I made a very conscious effort to read Time To Win, Book #3 in the Play The Game series, a basketball-themed middle-grade trilogy featuring an Indian-origin protagonist in North America, by Amar Shah.

I was terrified of leaving it unread, having done something similar with Christopher Pike's Thirst series. After devouring five books in the series, I didn't get to Book #6 in a long time and now I've forgotten too much of the story thread to pick up the last book without reading the first five again.

I didn't want Play The Game to suffer the same fate at my hands, so I made sure to read a few pages every day.

And what a satisfying conclusion to the trilogy it turned out to be!

Raam is now part of his school's basketball team, but his challenges have only just begun. Learning to play with his erstwhile nemesis entails an arc of its own, and we're treated to this story lavishly, with its usual dose of Indian colours and songs and joie de vivre, thanks to his mom's Bollywood dance studio.

D picked up the first book last week and tore through all three books in the series before I did.
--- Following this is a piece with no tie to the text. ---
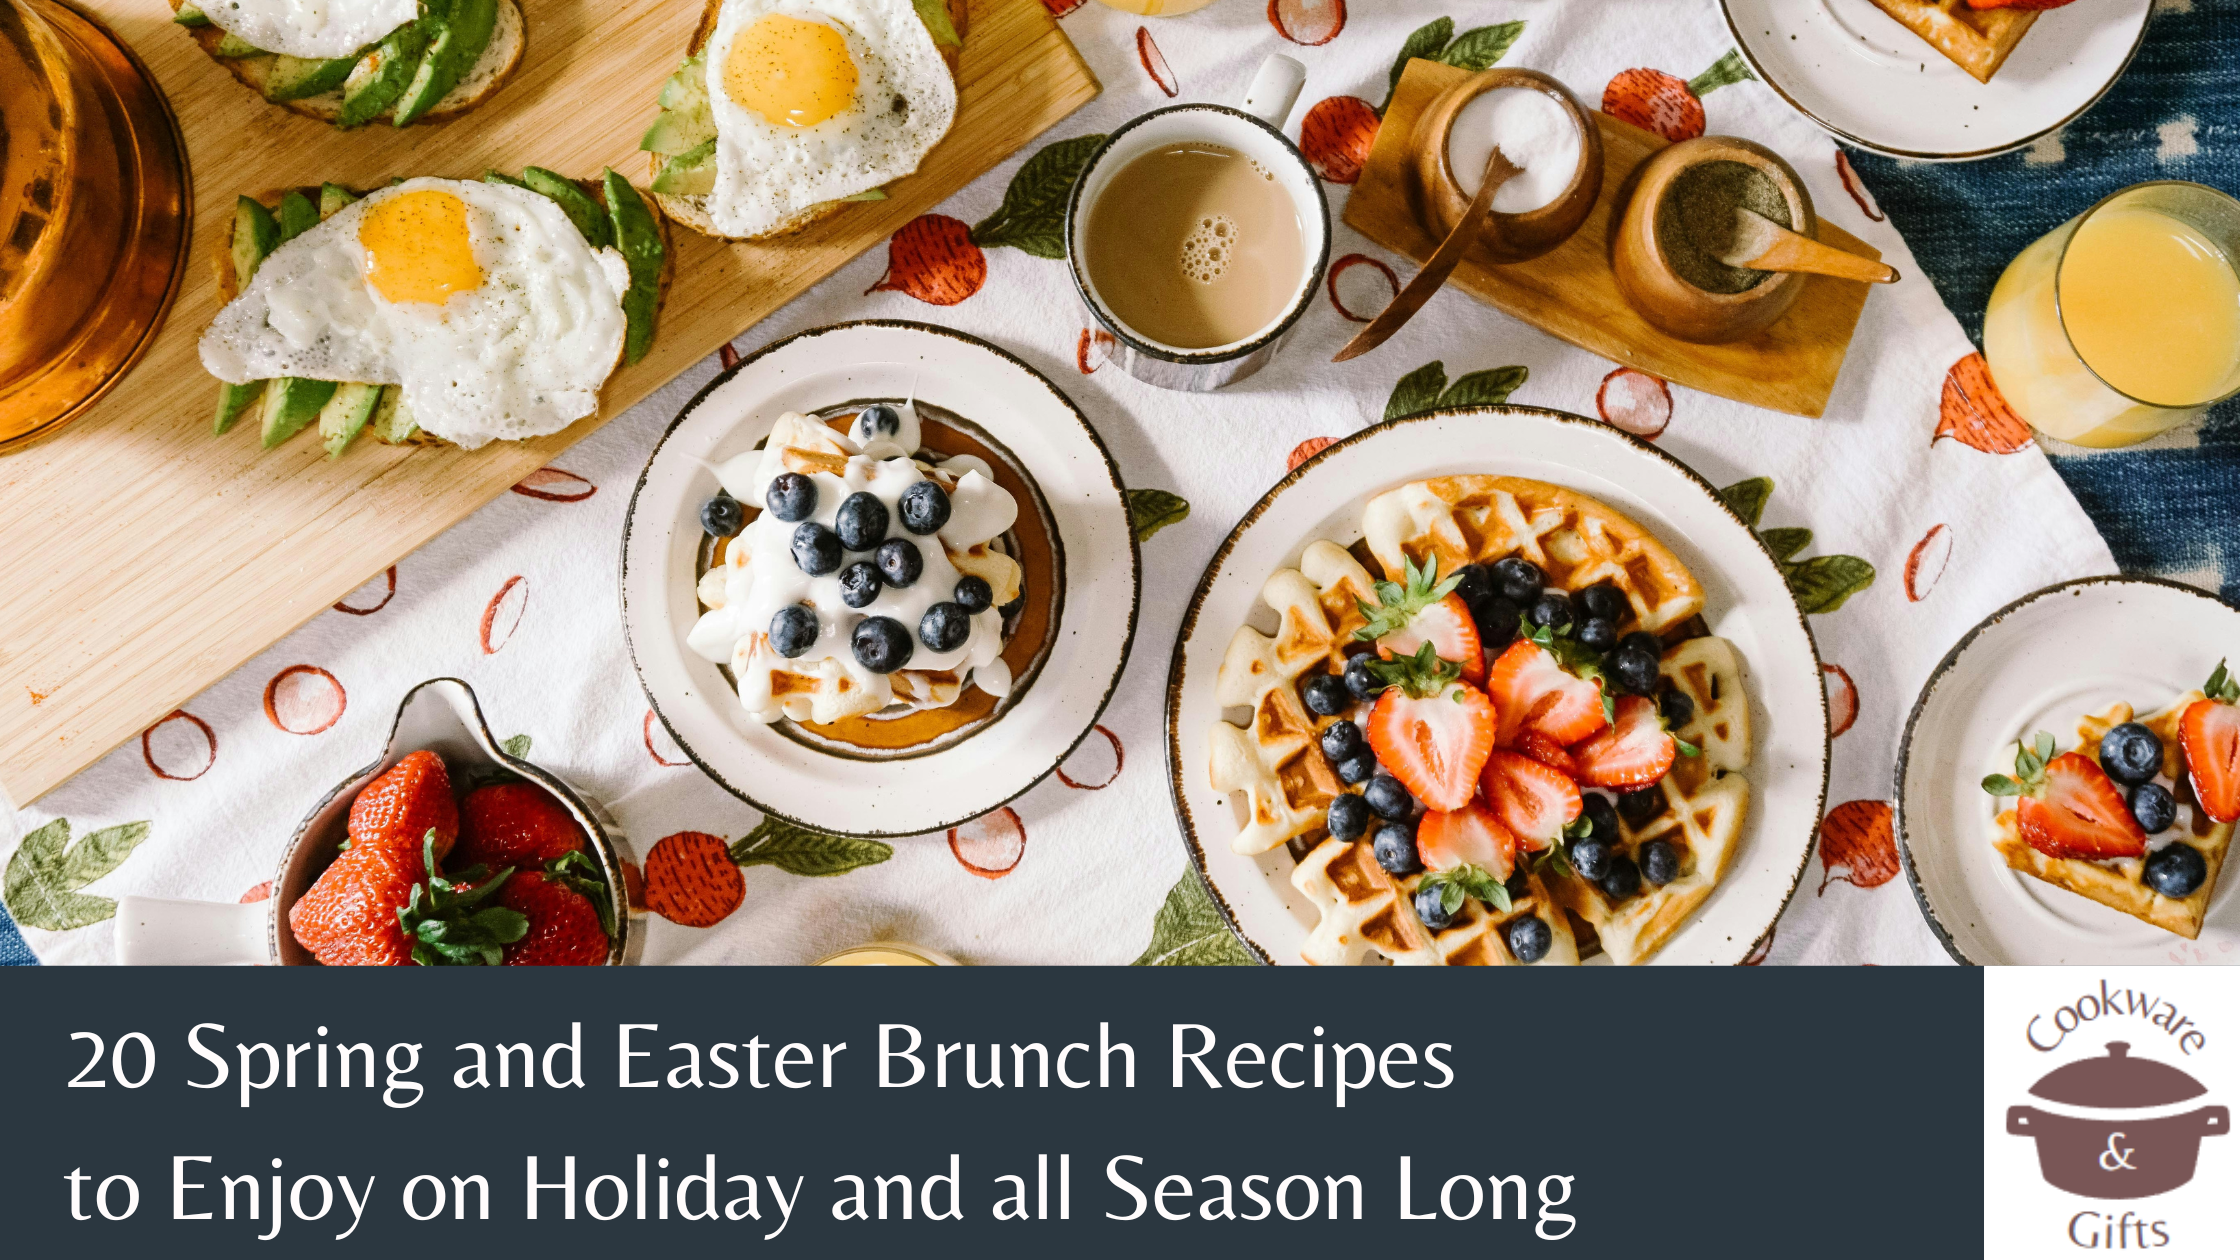 20 Spring and Easter Brunch Recipes to Enjoy On Holiday and All Season Long
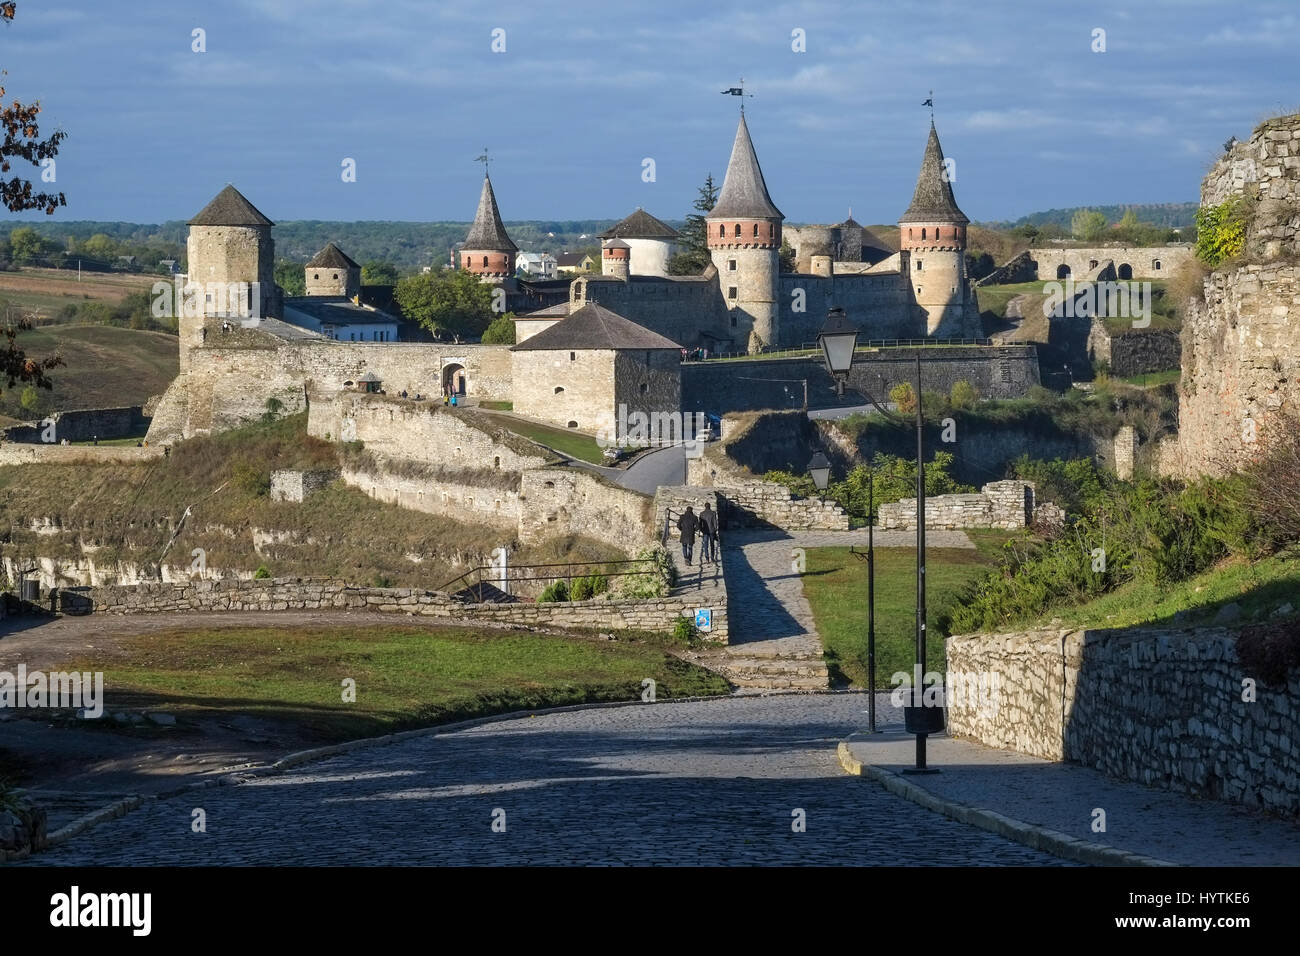 View of the Most Zamkowy and Castle of Kamianets-Podilskyi in Western Ukraine taken on a sunny autumn day. The cobbled street leads the eye across the Stock Photo

There's much to love in this book — the changing nature of friendships, the desire to succeed, the lure of ambition, the fear of disappointing others — all these themes are simply so relatable and tug at the heartstrings.


Well, I'm glad I was finally able to put down my thoughts on these three gems I read recently.

I don't know how often I'll come back to post here over the next few weeks or months. I'll be sending out this month's missive next Sunday, and after that I'd like to take a pause from writing.

I'd like to step away from this field to see what else could fill my life. Clearing out the old to make way for the new. Perhaps live less in my head and more in the world outside, enjoying the pleasures of summer. Let's see where life takes me henceforth.